해당 프로그램을 입력하고 난 후 터미널에서 다음 명령을 수행합니다.

D:\vector-search>python vector-search-app.py

그러면 다음과 같은 화면을 볼 수 있습니다.

[Alibaba-NLP/gte-multilingual-base] 모델을 로드합니다...
최초 실행 시 모델 다운로드로 인해 수 분이 소요될 수 있습니다.
Some weights of the model checkpoint at Alibaba-NLP/gte-multilingual-base were not used when initializing NewModel: ['classifier.bias', 'classifier.weight']
- This IS expected if you are initializing NewModel from the checkpoint of a model trained on another task or with another architecture (e.g. initializing a BertForSequenceClassification model from a BertForPreTraining model).
- This IS NOT expected if you are initializing NewModel from the checkpoint of a model that you expect to be exactly identical (initializing a BertForSequenceClassification model from a BertForSequenceClassification model).
모델 로드 완료!

E:\ai-test-project\vector-search\vector-search-app.py:278: UserWarning: The parameters have been moved from the Blocks constructor to the launch() method in Gradio 6.0: css. Please pass these parameters to launch() instead.
  with gr.Blocks(css=CSS, title="벡터 검색 실습") as demo:
* Running on local URL:  http://127.0.0.1:8000
* To create a public link, set `share=True` in `launch()`.
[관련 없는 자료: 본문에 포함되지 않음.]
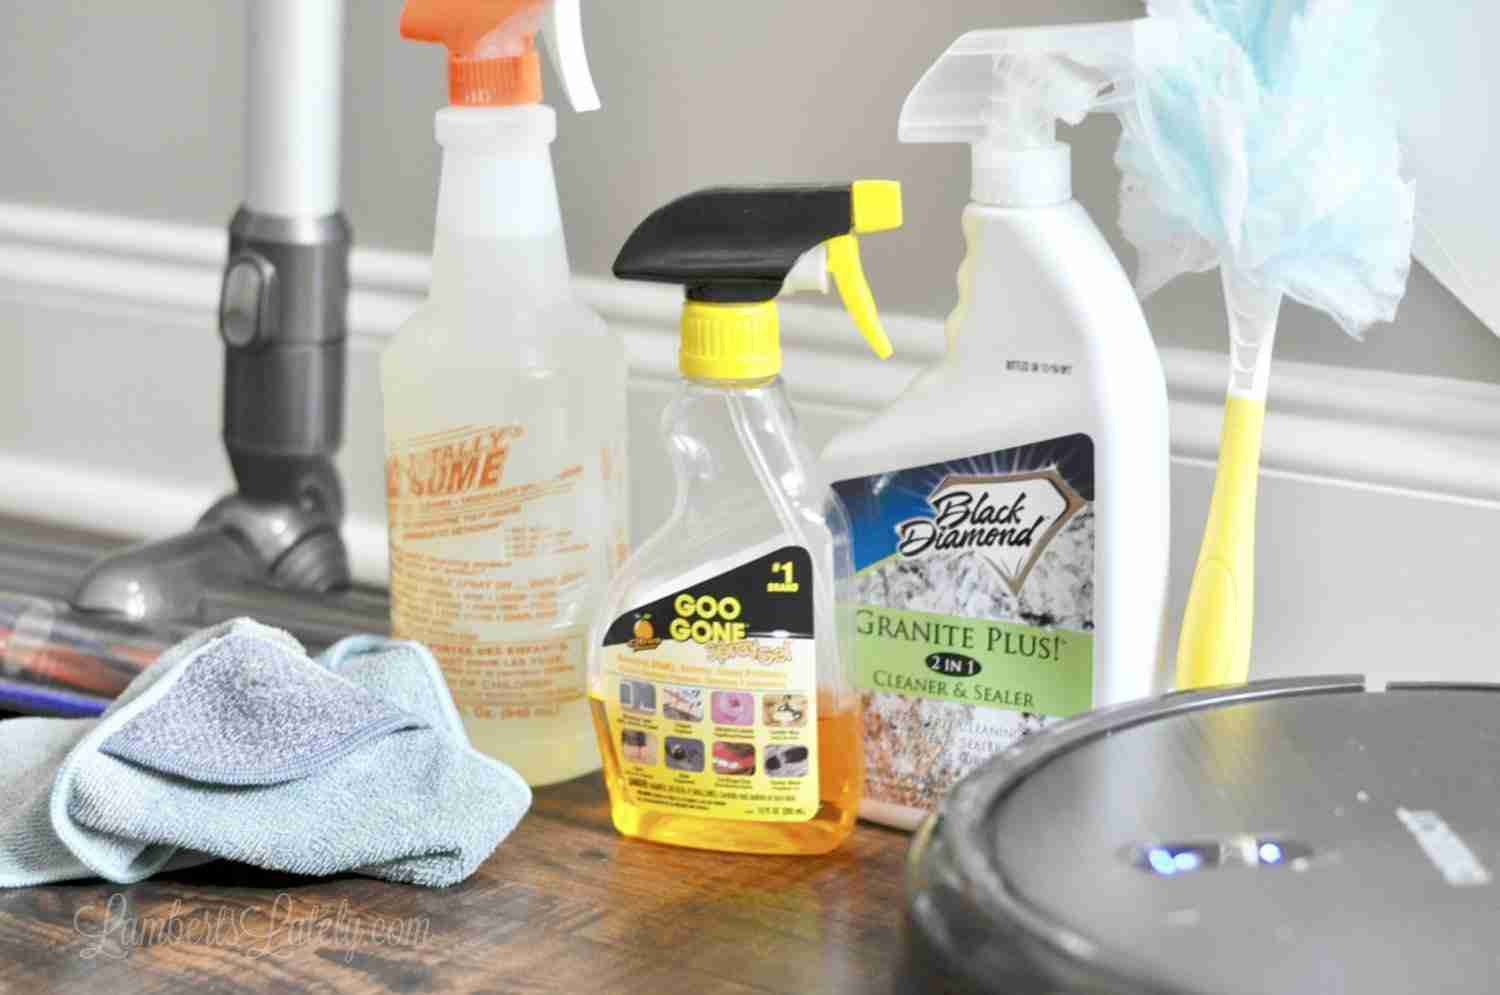 This list of everyday household cleaning supplies has products you will use on a daily & weekly basis to keep your home tidy! Includes ideas for cleaning the kitchen, bathroom, floors, and home exterior.

위 로그에 나오는 ” Running on local URL: http://127.0.0.1:8000” 에서 본인의 PC의 주소를 클릭해서 (Ctrl+click) 혹은 웹 브라우져를 띄운다음 해당 주소를 입력합니다.(예:http://127.0.0.1:8000 뒤에 : 다음에 나오는 포트번호는 각자 틀릴 수 있음. 터미널의 정보를 확인 한 후에 띄워주세요)

실행 화면

해당 브라우져로 실행을 하면 다음 화면을 확인할 수 있다. 697

2. 참고 - 그라디오(Gradio) 소개

그라디오(Gradio)란 무엇일까요?

그라디오는 파이썬(Python) 코드 단 몇 줄만으로, 내가 만든 AI 모델을 테스트할 수 있는 번듯한 ‘웹 페이지 화면’을 뚝딱 만들어주는 마법 같은 라이브러리입니다.

보통 웹 페이지를 만들려면 HTML, CSS, 자바스크립트 등 복잡한 프론트엔드 웹 기술을 따로 배워야 합니다. 하지만 그라디오를 사용하면 파이썬 코드만으로 입력창, 버튼, 결과 출력창이 있는 깔끔한 UI(사용자 인터페이스)를 만들 수 있습니다.

💡 비유하자면:

여러분이 방금 임베딩 모델이라는 아주 훌륭한 **‘주방장’**을 고용했다고 해보겠습니다. 주방장만 있으면 손님을 받을 수 없죠? 손님에게 주문을 받고 요리를 내어줄 **‘드라이브스루 주문 창구’**가 필요한데, 그라디오가 바로 그 창구를 단 10초 만에 지어주는 역할을 합니다.

그라디오(Gradio)는 누가 만들었을까요? (제작 배경)

출발과 인수 (Hugging Face의 핵심 도구): 그라디오는 원래 스탠포드 대학교 출신의 연구진들이 모여 만든 동명의 스타트업에서 처음 개발되었습니다. 이후 그 압도적인 편리함과 잠재력을 인정받아, 2021년 말에 전 세계 최대의 AI 오픈소스 플랫폼이자 커뮤니티인 **허깅페이스(Hugging Face)**에 공식적으로 인수되었습니다. 현재는 허깅페이스 생태계에서 모델을 시연할 때 사용하는 가장 표준적인 UI 도구로 자리 잡았습니다.
탄생 철학 (머신러닝의 민주화): 그라디오 제작진의 핵심 모토는 *“누구나 머신러닝 모델을 쉽게 테스트하고 공유할 수 있게 하자”*였습니다. 과거에는 데이터 과학자나 AI 연구원들이 기가 막힌 AI 모델을 만들어 놓고도, 프론트엔드(웹) 개발 지식이 없어서 사람들에게 보여주지 못하는 고충이 있었습니다. 그라디오는 바로 이 장벽을 허물고 **“파이썬 코드 몇 줄만으로 전 세계 누구에게나 내 AI를 자랑할 수 있게 하자”**는 목표로 탄생했습니다.
오픈소스의 힘: 완전한 무료 오픈소스 라이브러리입니다. 최신 AI 논문이 발표되거나 새로운 오픈소스 LLM이 공개될 때, 사람들이 해당 모델을 직접 써볼 수 있도록 제공되는 웹 데모 화면의 90% 이상이 바로 이 그라디오로 만들어져 있습니다.